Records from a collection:
=======
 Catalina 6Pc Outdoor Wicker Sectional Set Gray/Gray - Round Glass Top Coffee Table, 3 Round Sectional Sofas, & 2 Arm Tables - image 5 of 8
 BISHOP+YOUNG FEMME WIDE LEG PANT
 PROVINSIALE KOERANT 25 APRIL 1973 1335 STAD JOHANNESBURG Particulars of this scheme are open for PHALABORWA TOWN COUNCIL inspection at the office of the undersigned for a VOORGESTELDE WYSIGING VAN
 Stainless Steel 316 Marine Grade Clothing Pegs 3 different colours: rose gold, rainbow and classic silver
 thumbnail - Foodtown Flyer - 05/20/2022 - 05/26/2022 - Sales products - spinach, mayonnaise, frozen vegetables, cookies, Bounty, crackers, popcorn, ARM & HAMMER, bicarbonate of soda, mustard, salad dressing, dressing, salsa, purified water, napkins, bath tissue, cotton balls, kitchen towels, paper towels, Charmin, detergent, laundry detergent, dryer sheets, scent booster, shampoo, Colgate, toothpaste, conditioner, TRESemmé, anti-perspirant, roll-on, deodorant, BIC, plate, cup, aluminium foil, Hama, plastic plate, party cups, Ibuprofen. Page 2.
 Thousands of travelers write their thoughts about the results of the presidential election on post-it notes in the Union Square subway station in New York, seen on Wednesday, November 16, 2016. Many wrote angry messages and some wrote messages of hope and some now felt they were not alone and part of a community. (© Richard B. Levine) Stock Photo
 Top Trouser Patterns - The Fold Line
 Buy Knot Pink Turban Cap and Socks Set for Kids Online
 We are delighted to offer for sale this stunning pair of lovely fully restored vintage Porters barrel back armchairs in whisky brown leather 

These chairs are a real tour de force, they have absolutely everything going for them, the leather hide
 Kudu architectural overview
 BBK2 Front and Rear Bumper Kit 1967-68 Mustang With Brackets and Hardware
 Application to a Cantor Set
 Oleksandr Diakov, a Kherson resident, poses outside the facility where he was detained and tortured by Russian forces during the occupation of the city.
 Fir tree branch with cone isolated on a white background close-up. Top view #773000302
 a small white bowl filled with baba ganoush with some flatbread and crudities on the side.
=======
• [EXERCISE]:
Exactly as they appear, print the lines from the one holding "Oleksandr Diakov, a" through the final line of the entries, and no others.

• [RESULT OF THE EXERCISE]:
 Oleksandr Diakov, a Kherson resident, poses outside the facility where he was detained and tortured by Russian forces during the occupation of the city.
 Fir tree branch with cone isolated on a white background close-up. Top view #773000302
 a small white bowl filled with baba ganoush with some flatbread and crudities on the side.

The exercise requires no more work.